Toplumun yeniden yapılandırılması gereği dışında, kadın hak hareketinin gözle görülür herhangi bir "eksisi" yoktu ve bu, değişen toplumların hepsinin kaçınılmaz bir parçası, ancak Tüm vatandaşlara eşitlik sağlamak ve nüfusun diğer yarısının oy kullanmasına izin vermek de dahil olmak üzere kadınların hak hareketi. Kadın hakları hareketi, 1900'lerde kadınların oy hakkı hareketi ile başladı.
Kadın hakları hareketi ilk resmi toplantısını 1848'de Seneca Şelaleleri'nde gerçekleştirdi. Organizatörler, sözleşmeyi hazırladılar çünkü kadın haklarını geliştirmek istediler. Gerekli olduğuna karar verdikleri 13 karar vermişlerdir.

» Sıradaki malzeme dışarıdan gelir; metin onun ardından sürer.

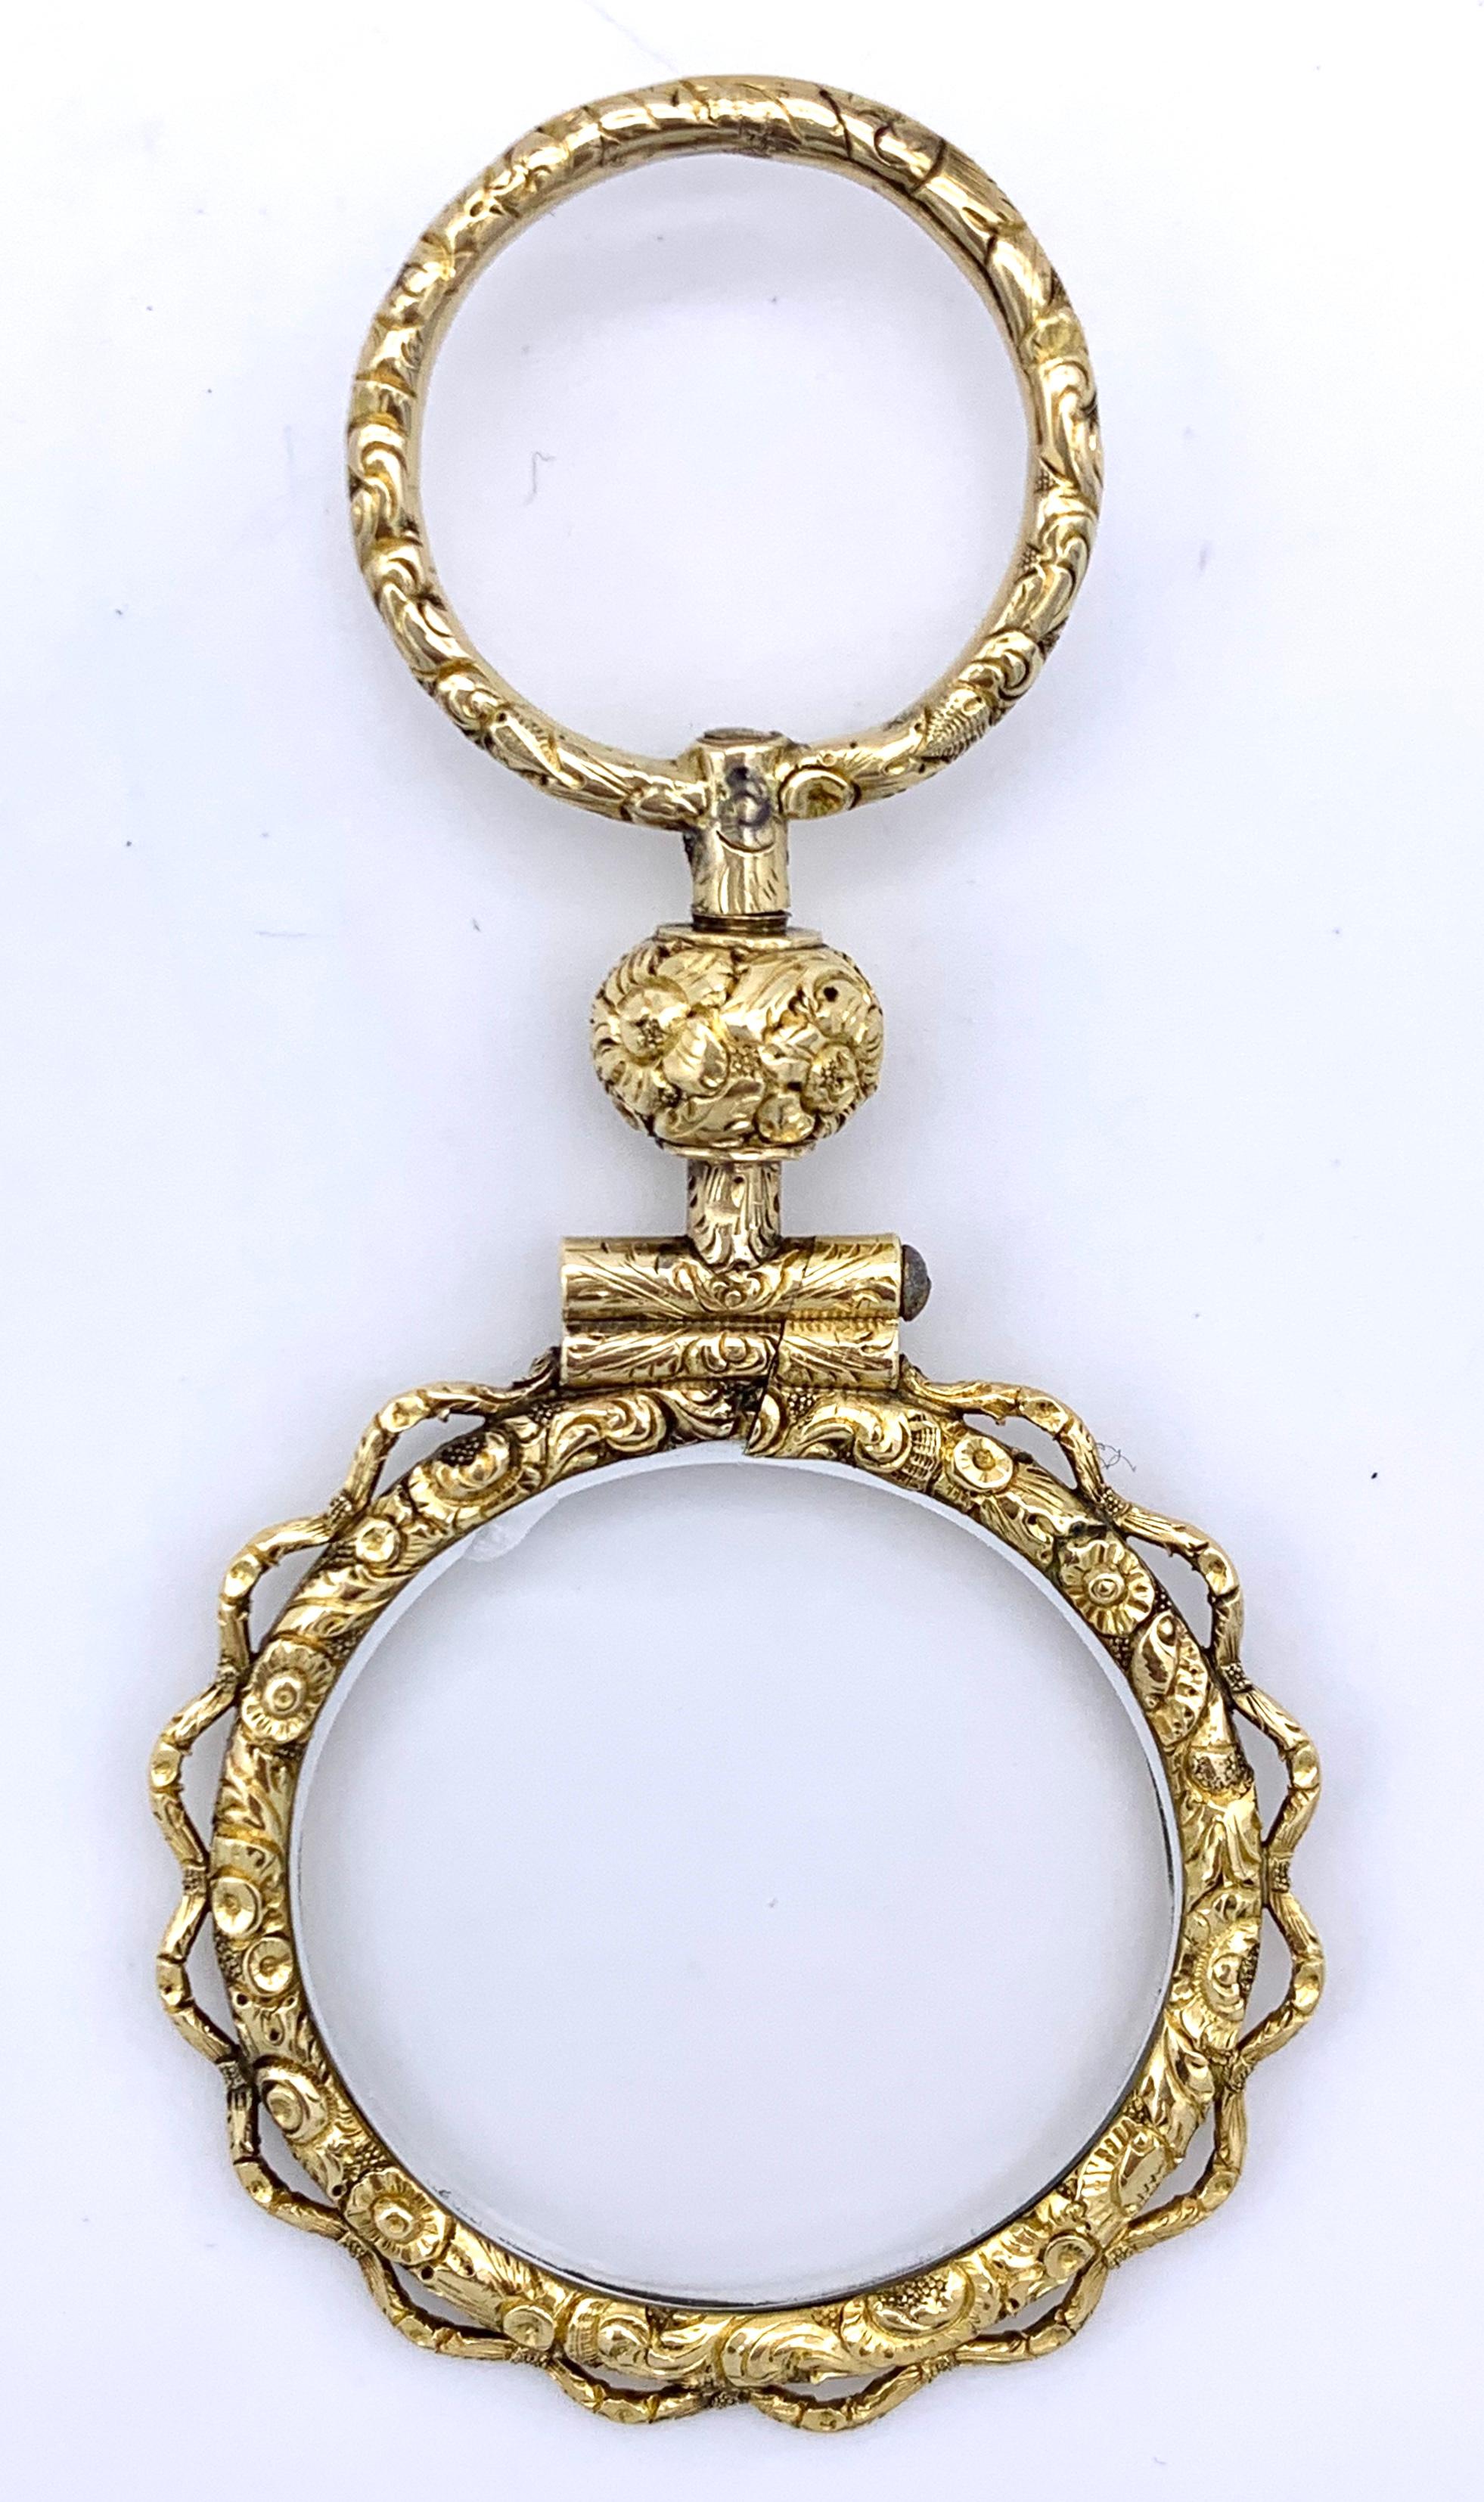 Dieses schöne Quizglas war das dringend benötigte und geschätzte Accessoire einer eleganten georgischen Persönlichkeit.
Das Quizglas wurde um 1825 in Handarbeit aus 15-karätigem Gold hergestellt. Das Gold ist fein ziseliert und mit Blumenornamenten

Sözleşmeye rağmen, kadın hakları savunucuları kavgaları sırasında kırık gruplarda kalacak ve çeşitli grupların birleşmesinde zorlanacaktı.
İç Savaş başladığında, kadın hakları grupları toplumsal bir sorun olarak etiketlenmekten kaçınmaları gerektiğini anladılar, bu yüzden oy kullanma hakkını kazanmaya yönelik tüm çabalarını göstermeye karar verdiler. Kadınların hak hareketi çabalarına rağmen, kadınların 26 Ağustos 1920'ye kadar, erkeklere ulusal platformda sunulan tüm oy haklarını almaları mümkün olmayacaktı. Kadınlara oy vermeye tam eşit haklar verildikten sonra, kadınlar siyasi ofise zorlanmaya başladı ve eşitliği sağlamak için hükümet içindeki güçlerini artırmaya çalıştılar.